The scholarship opened the door to Germany, a country I knew of through my lessons and TV but didn't have any realistic idea about. Even getting there was an adventure ‚– planes in those days stopped in several places on the way, and we had a couple of days in Bangkok and Rome going to Germany, and in Athens coming home.

In Germany I was able to experience so many new things. Snow, for example. Christmas lights outside people's houses, not just inside the way they were in Australia at that time. Different kinds of food, all new and delicious. A school skiing trip to South Tyrol. It was new for me to be treated like an adult at school the way Abitur students in Germany were. I've been to Germany many times since, but the sights and learnings of that first trip are the ones that have stayed with me most strongly.

None of this could have happened for me or any of the hundreds of Australian students whom SAGSE has sent to Germany since without the vision, courage and determination of Fritz von Einem Joosten. He was a businessman who had come to Australia after witnessing and suffering personally from the horrors of World War 2. Fritz had a deep faith in young people and their ability to build a new and peaceful world free of the animosities of the past. Bringing together the young people of his old and new countries was the best way to help ensure that conflicts like World War 2 could not happen again. And so the SAGSE vision was born.

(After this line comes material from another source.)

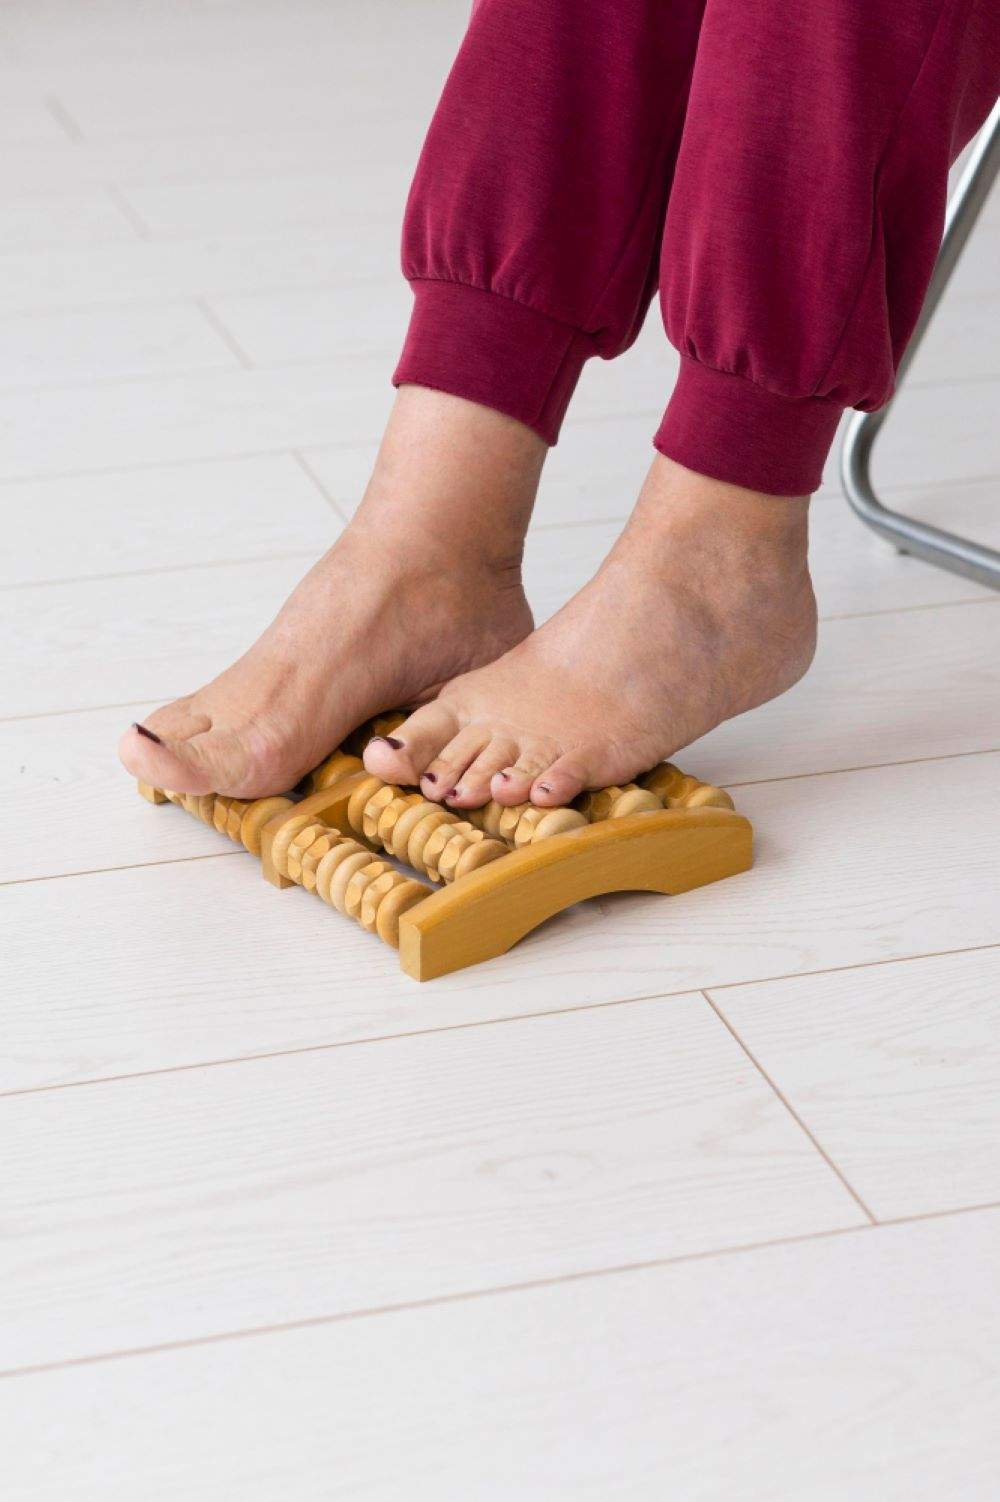 La importancia del cuidado de los pies en las personas mayores

Not everything in that first year worked perfectly. It was a bold experiment to put a bold vision into practice. Fritz and all the people who have worked to fulfil his vision in the years since the founding of SAGSE in 1967 have made sure that the scholarship scheme gets better every year. In my case, the scholarship helped me to be more open to new and different things, more aware of the need for real understanding and friendship between nations, and more interested in Germany, the German language and everything connected with them. I look forward to many more generations of young Australians going to Germany, and young Germans coming here, giving effect to Fritz von Einem Joosten's vison from so many years ago. A vision we still need today.